Let's load the data first with the `convert_dataset` method. This method returns a `SpiceDataset` object which we can use right away 

In [2]:
# Load your data
dataset = convert_dataset(
    file = '../data/weber2024/weber2024.csv',
    df_participant_id='participant',
    df_experiment_id='experiment',
    df_choice='choice',
    df_reward='reward',
    df_block='block',
    additional_inputs=['laserRotation', 'shieldRotation', 'totalReward'],
    timeshift_additional_inputs=True,
    )

test_sessions = 8, 10, 12

# restructure data to have only two actions (stay, move) instead of three (stay, move_clockwise, move_counter_clockwise)
move = dataset.xs[..., 1:3].sum(dim=-1, keepdim=True)
rewards_move = dataset.xs[..., 4:6].nan_to_num(0).sum(dim=-1, keepdim=True)
move_ys = dataset.ys[..., 1:3].sum(dim=-1, keepdim=True)
# create restructured dataset
xs = torch.concat((dataset.xs[..., :1], move, dataset.xs[..., 3:4], rewards_move, dataset.xs[..., 6:]), dim=-1)
ys = torch.concat((dataset.ys[..., :1], move_ys), dim=-1)
dataset = SpiceDataset(xs, ys)

# structure of dataset:
# dataset has two main attributes: xs -> inputs; ys -> targets (next action)
# shape: (n_participants*n_blocks*n_experiments, n_timesteps, features)
# features are (n_actions * action, n_actions * reward, n_additional_inputs * additional_input, block_number, experiment_id, participant_id)

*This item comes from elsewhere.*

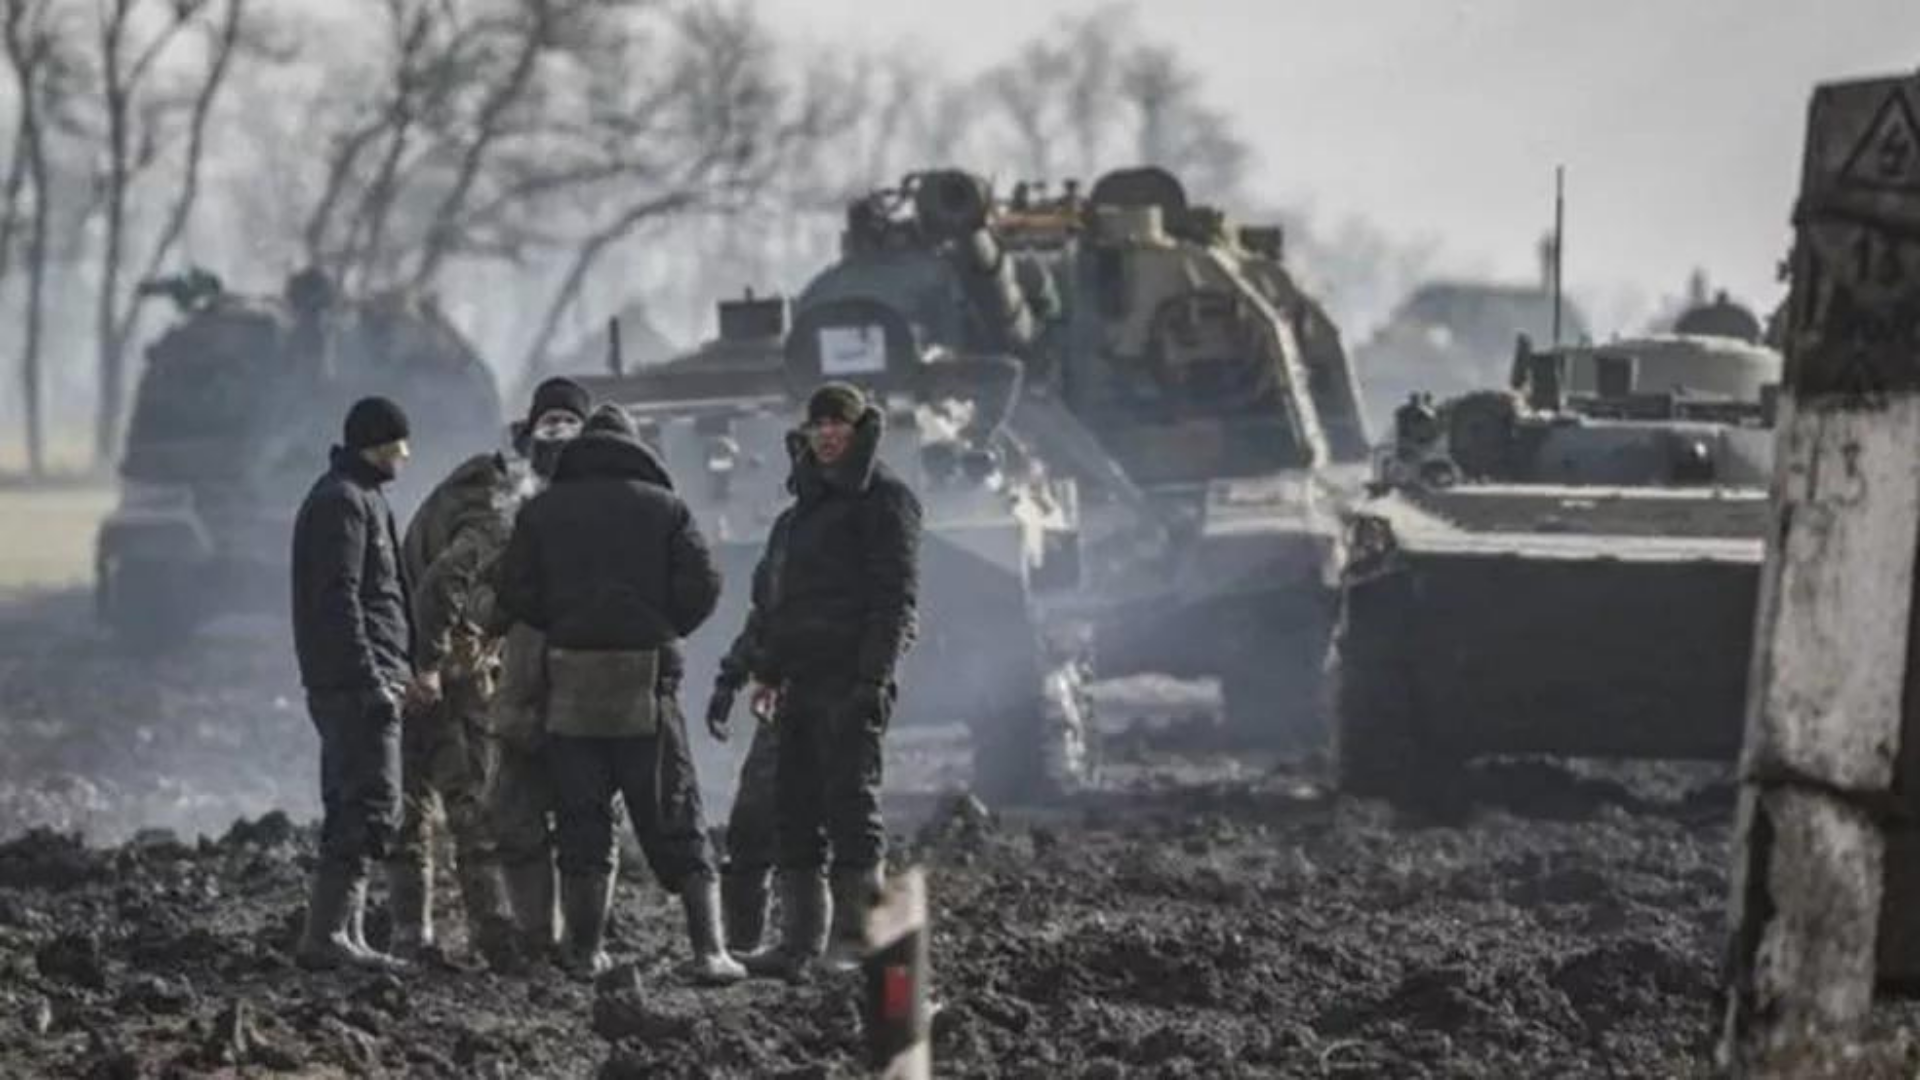 Agora vai: Guerra na Ucrânia pode ajudar 3ª via, diz o Valor. Foto de soldados em uma região atacada, ele estão na frente de um tanque de guerra.
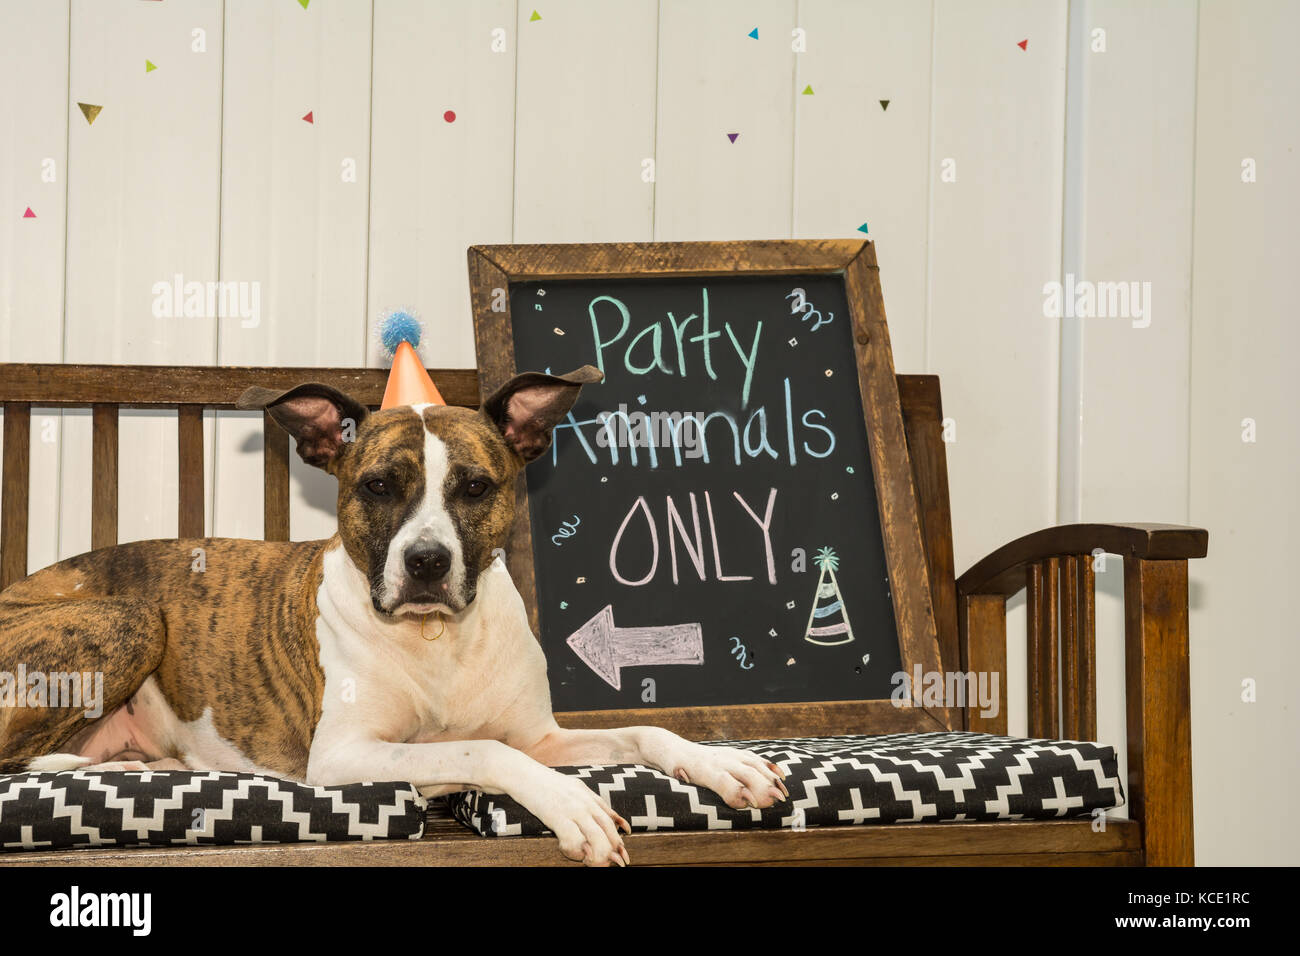 Einen niedlichen Hund auf einer Party Animal theme Party. Stockfoto

# in order to set up the participant embedding we have to compute the number of unique participants in our data
# to get the number of participants n_participants we do:
n_actions = dataset.ys.shape[-1]
n_participants = len(dataset.xs[..., -1].unique())
n_experiments = len(dataset.xs[..., -2].unique())

# split data into training and testing data
dataset_train, dataset_test = split_data_along_sessiondim(dataset, list_test_sessions=test_sessions)

print(f"Shape of dataset: {dataset.xs.shape}")
print(f"Number of participants: {n_participants}")
print(f"Number of experiments (baseline vs. infusion): {n_experiments}")
print(f"Number of actions in dataset: {n_actions}")
print(f"Number of additional inputs: {dataset.xs.shape[-1]-2*n_actions-3}")

Shape of dataset: torch.Size([1692, 1078, 10])
Number of participants: 30
Number of experiments (baseline vs. infusion): 2
Number of actions in dataset: 2
Number of additional inputs: 3


## SPICE Setup

Now we are going to define the configuration for SPICE with a `SpiceConfig` object.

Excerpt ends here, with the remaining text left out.